Can single cells in contact with the ECM become differentiated to express milk proteins? The answer is a qualified yes. Cells will secrete the milk protein β-casein if the gel is made of BM but not if it is composed of collagen I [24], indicating a requirement for specific BM components. Inhibiting β1-integrin–cell interactions could interrupt the signaling that induces β-casein expression, suggesting a requirement for β1-integrin ligands [24]. The BM component that interacted with β1-integrins proved to be laminin-1 [25], a molecule initially reported to be important for the development of polarity in kidney [26]. The first ECM-(laminin) response element to be characterized was found in the promoter of the β-casein gene and was termed BCE-1 (bovine casein element 1) [27,28]. Transcription factor binding to BCE1 was necessary but not sufficient for signaling.
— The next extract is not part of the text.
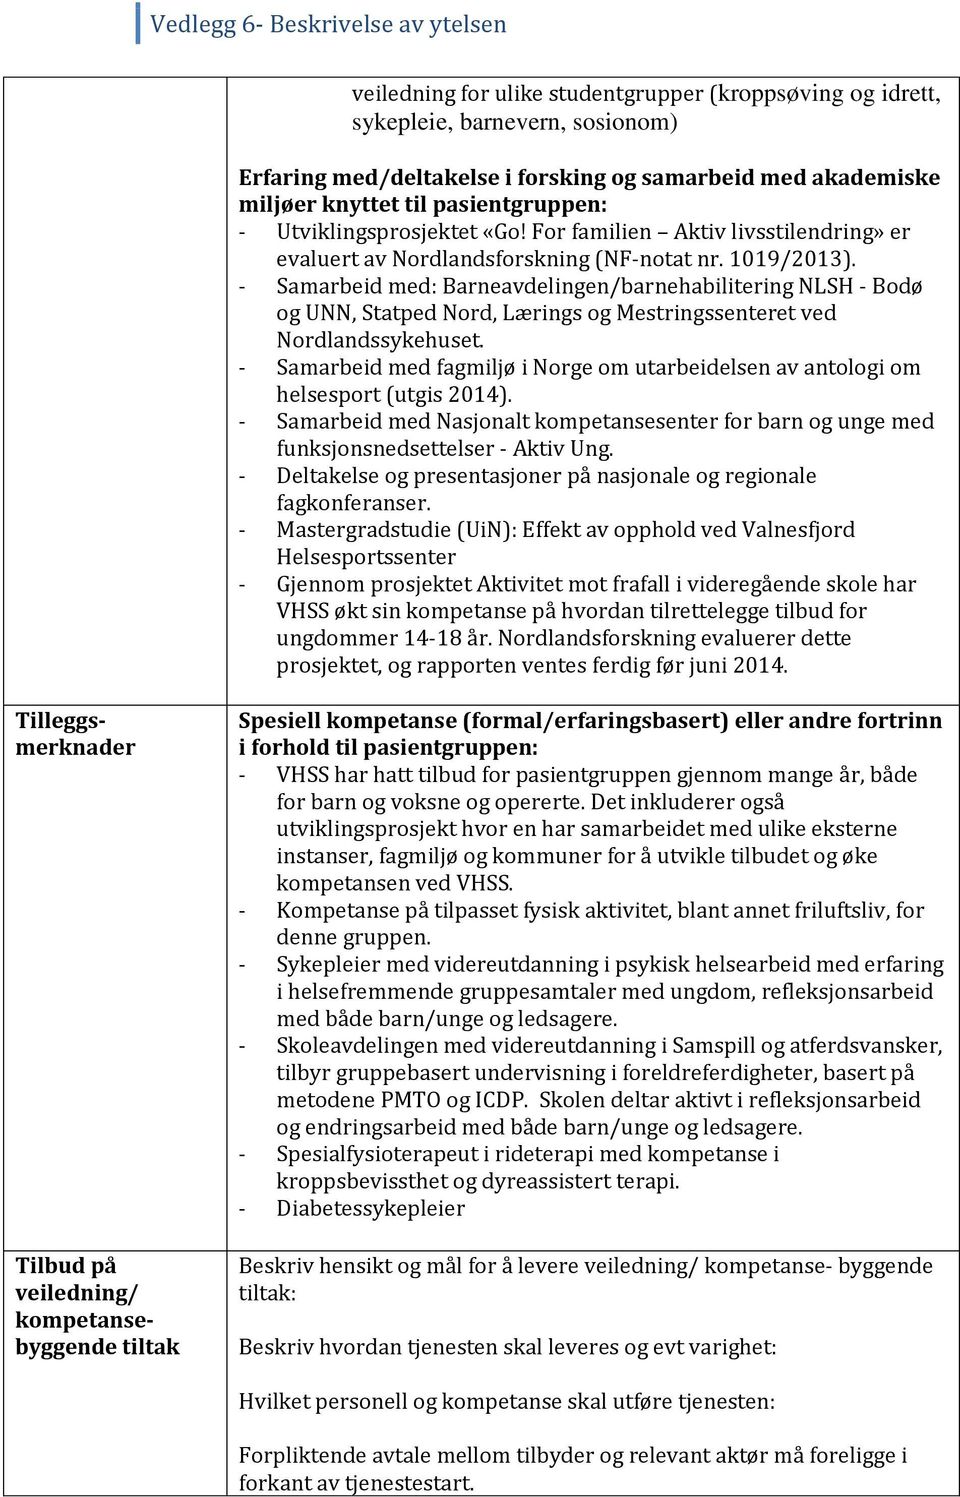 - Samarbeid med: Barneavdelingen/barnehabilitering NLSH - Bodø og UNN, Statped Nord, Lærings og Mestringssenteret ved Nordlandssykehuset.

There is an extensive body of work showing that these transcription factors are also necessary for milk-protein gene expression in response to hormonal and other signals in vivo (for reviews see [29,30]). The enhancer could be activated by BM and/or laminin, or by changes in histone acetylation, the latter even if the cells were on 2D substrata [31]. Functional differentiation depends upon the degree of complexity of the tissue architecture achieved in culture [32] (see Figure 3). Unlike β-casein, most other milk proteins were not synthesized under the above conditions, suggesting a need for cell–cell interactions and formation of polarized acini (reviewed in [32]). Thus, the level of function specified determines the unit of function. In studying mammary epithelial cell function in culture, it became evident that cell–cell interactions and closure of the acini around a lumen were equal partners in regulating the polarization aspect of functional differentiation. As the unit of tissue specificity was larger than the cell plus its ECM, the functional unit could be considered to be the organ itself [33].

Figure 3.

Figure 3

Milk protein production requires a hierarchical set of events including availability of lactogenic hormones, correct cytoskeletal organization, laminin-1, proper cell–cell interactions, formation of acini with apico-basal polarity, and cavitation and formation of lumina for secretion of milk [33].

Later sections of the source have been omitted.